O lançamento é efetuado e revisto de ofício pela autoridade administrativa nos seguintes casos:

  • quando a lei assim o determine;
  • quando a declaração não seja prestada, por quem de direito, no prazo e na forma da legislação tributária;
  • quando a pessoa legalmente obrigada, embora tenha prestado declaração nos termos do inciso anterior, deixe de atender, no prazo e na forma da legislação tributária, a pedido de esclarecimento formulado pela autoridade administrativa, recuse-se a prestá-lo ou não o preste satisfatoriamente, a juízo daquela autoridade;
  • quando se comprove falsidade, erro ou omissão quanto a qualquer elemento definido na legislação tributária como sendo de declaração obrigatória;
  • quando se comprove omissão ou inexatidão, por parte da pessoa legalmente obrigada, no exercício da atividade a que se refere o artigo seguinte;
  • quando se comprove ação ou omissão do sujeito passivo, ou de terceiro legalmente obrigado, que dê lugar à aplicação de penalidade pecuniária;
  • quando se comprove que o sujeito passivo, ou terceiro em benefício daquele, agiu com dolo, fraude ou simulação;
  • quando deva ser apreciado fato não conhecido ou não provado por ocasião do lançamento anterior;
  • quando se comprove que, no lançamento anterior, ocorreu fraude ou falta funcional da autoridade que o efetuou, ou omissão, pela mesma autoridade, de ato ou formalidade especial.

A revisão do lançamento só pode ser iniciada enquanto não extinto o direito da Fazenda Pública.

Hipóteses de Suspensão, Exclusão e Extinção do Crédito Tributário

Não iremos, neste artigo, detalhas cada uma das modalidades de suspensão, exclusão e extinção do crédito, uma vez que há grandes chances de serem cobradas apenas desta maneira, isto é, se uma modalidade é hipótese de suspensão, exclusão ou extinção.

Sendo assim, basta memorizar as modalidades abaixo.
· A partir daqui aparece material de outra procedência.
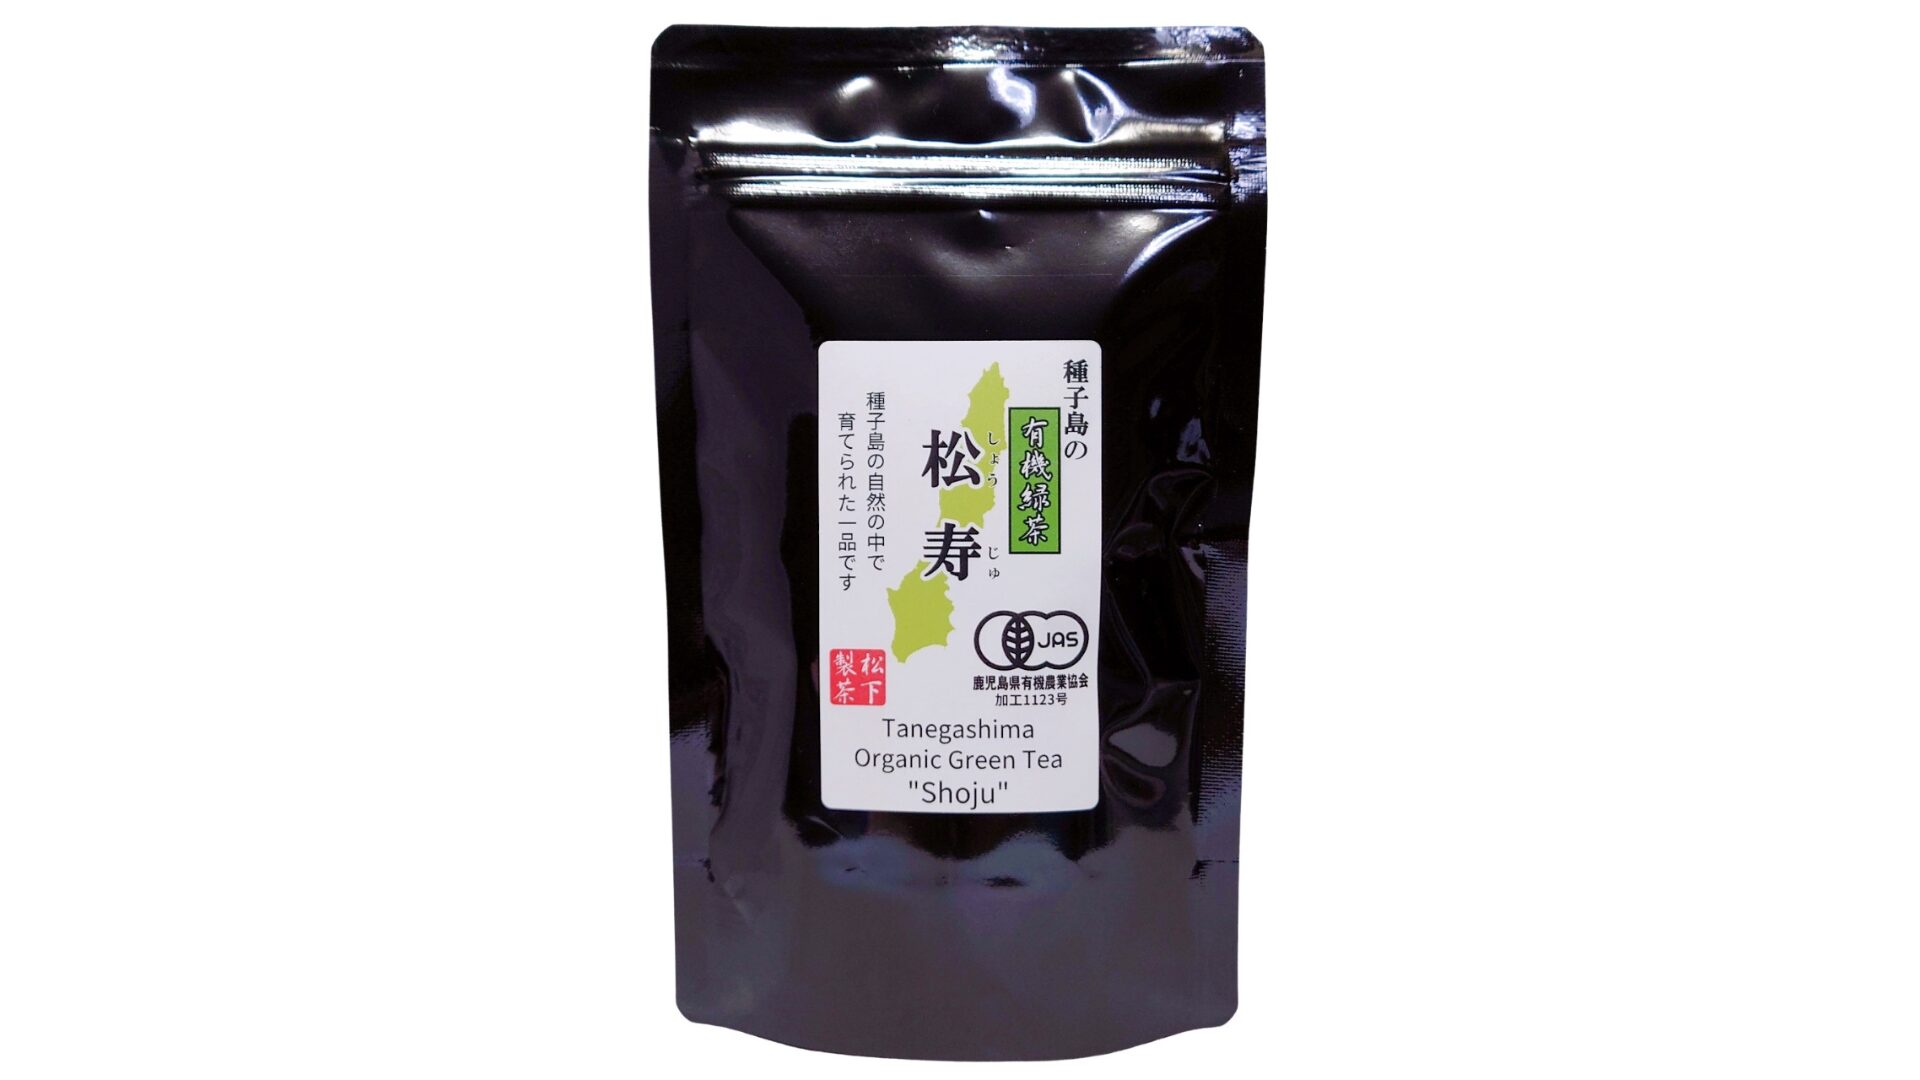 松下製茶 種子島の有機緑茶『松寿(しょうじゅ)』 茶葉(リーフ) 100g

Modalidades de Suspensão do Crédito

Suspendem a exigibilidade do crédito tributário:

  1. moratória;
  2. depósito do seu montante integral;
  3. reclamações e os recursos, nos termos das leis reguladoras do processo tributário administrativo;
  4. concessão de medida liminar em mandado de segurança.
  5. concessão de medida liminar ou de tutela antecipada, em outras espécies de ação judicial;
  6. o parcelamento.

A suspensão do crédito não dispensa o cumprimento das obrigações assessórios dependentes da obrigação principal cujo crédito seja suspenso.

Modalidades de Exclusão do Crédito

Excluem o crédito tributário:

  • a isenção; e
  • a anistia.

A exclusão do crédito tributário não dispensa o cumprimento das obrigações acessórias dependentes da obrigação principal cujo crédito seja excluído.

Modalidades de Extinção do Crédito

Extinguem o crédito tributário:

  1. pagamento;
  2. compensação;
  3. transação;
  4. remissão;
  5. a prescrição e a decadência;
  6. a conversão de depósito em renda;
  7. o pagamento antecipado e a homologação do lançamento;
  8. a consignação em pagamento;
  9. a decisão administrativa irreformável, assim entendida a definitiva na órbita administrativa, que não mais possa ser objeto de ação anulatória;
  10. decisão judicial passada em julgado.
  11. a dação em pagamento em bens imóveis, na forma e condições estabelecidas em lei.

Finalizando

Nesse artigo vimos os principais tópicos cobre o crédito tributário para concurso PF de Delegado.

As questões que vierem sobre esse tema possivelmente estarão contidas neste artigo, uma vez que não acreditamos que os examinadores irão a fundo sobre o tema, por não se tratar de um concurso fiscal.

Desejo a você uma boa prova. Um grande abraço.